Ultimate Spiderman #111
By Brian Michael Bendis, Mark Bagley, and Stuart Immonen
Colors by Justin Ponsor, Letters by VC’s Cory Petit
Published by Marvel Comics, July 2007. $2.99
After two game-changing action-packed arcs - The Clone Saga and Ultimate Knights - Brian Michael Bendis has grabbed our shaken, frail bodies and forced us to sit with him and have a quiet chat. Between fighting various mutated freaks, dealing with the Ultimate love triangle, going to school and working at the Daily Bugle, Peter has had no time to deal with his disapproving Aunt May who once figured so closely to his daily life.

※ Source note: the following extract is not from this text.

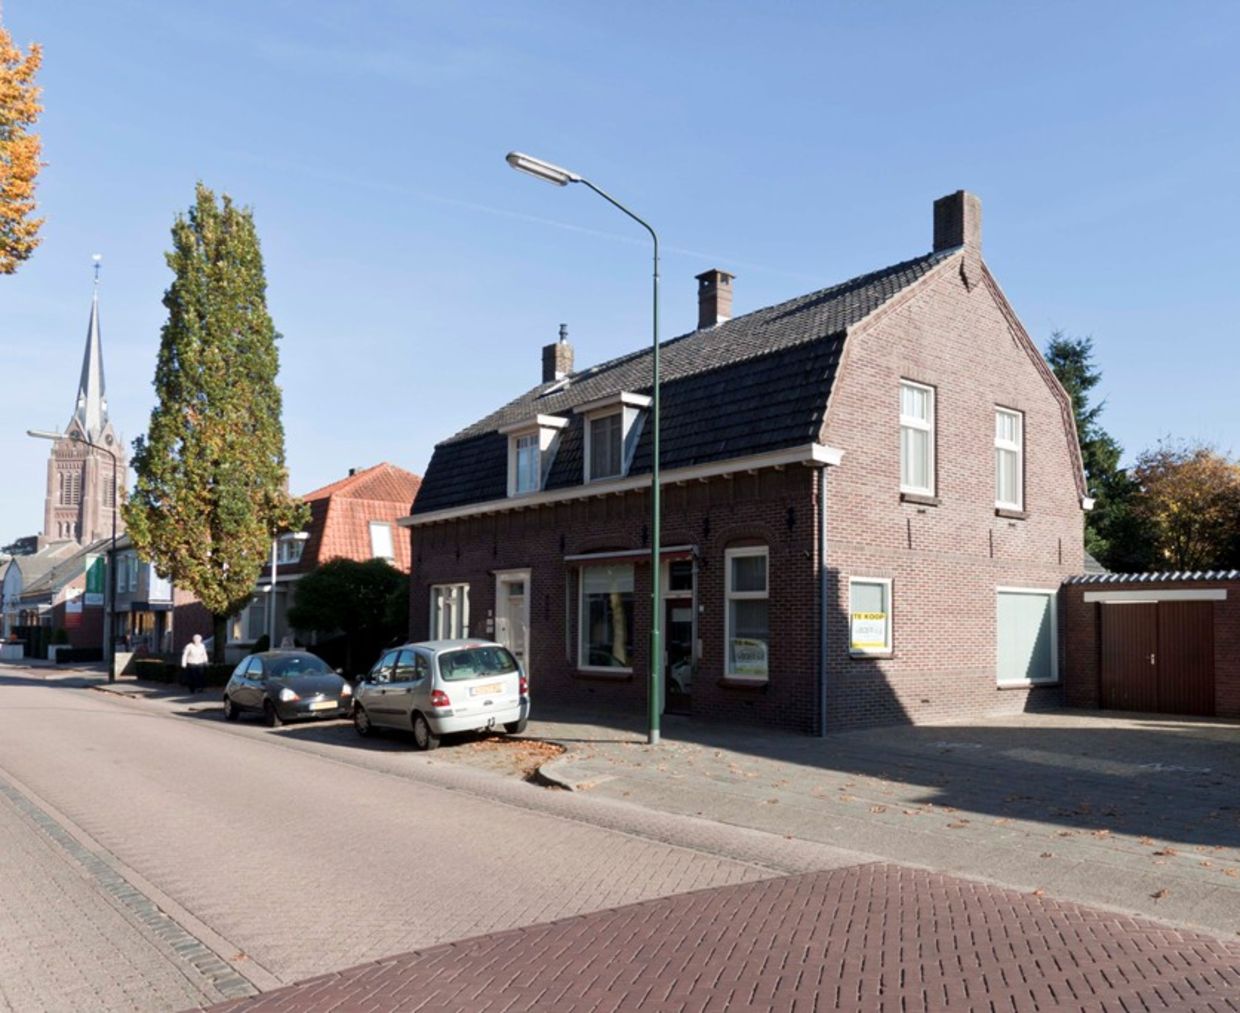 TE KOOP Kerkstraat 55 5076 AT Haaren Makelaardij Van den Boer o.g. Gijzelsestraat 3 A 5268 KM Helvoirt 0411-642116 info@vandenboerog.

Aunt May’s guilt over Uncle Ben’s death became known in an issue similar to #111, "The Talk", the appropriately titled “Guilt,” issue #45. In “Guilt,” Aunt May talks to her psychiatrist about her inability to cope with a world where vigilantes run around in their pajamas doing whatever they want. She is relieved at the assurance her nephew is not involved in this fast growing trend. Issue #111 brings her growing concerns full circle. May has come to know the ugly truth: Peter Parker IS Spiderman. Yes, it’s time for that talk. I enjoyed reading Peter’s rationalization of the Spidey-sense, and Aunt May knowing the full story of the day the infamous radioactive spider bit Peter. In an odd, subtle moment, he tosses off the once traumatizing incident when Green Goblin threw Mary Jane off
The one disappointment with this issue is a flashback to a battle with Ultimate Spot at the ROXXON labs just before picking up Aunt May at the hospital. The artist Stuart Immonen, to whom regular artist Mark Bagley is passing the Ultimate torch with #111, illustrates this sequence. The reader has the unfortunate position of only seeing their dialogue along the margin. I am disappointed this dull “staged reading” effect was implemented. While I love the witty exchange with May’s comical inability to understand what Peter is saying, and that the trashed lab hurt Peter’s young scientist heart, I would have expected a more ambitious execution of the conversation. Interspersing the intimate kitchen chat with the fight would have proved more engaging, especially if Bagley’s softer style had been integrated with Immonen's contrasting angular take on action sequences. This section felt like there was a last minute decision to include Immonen on the story; as a result, it felt lazy.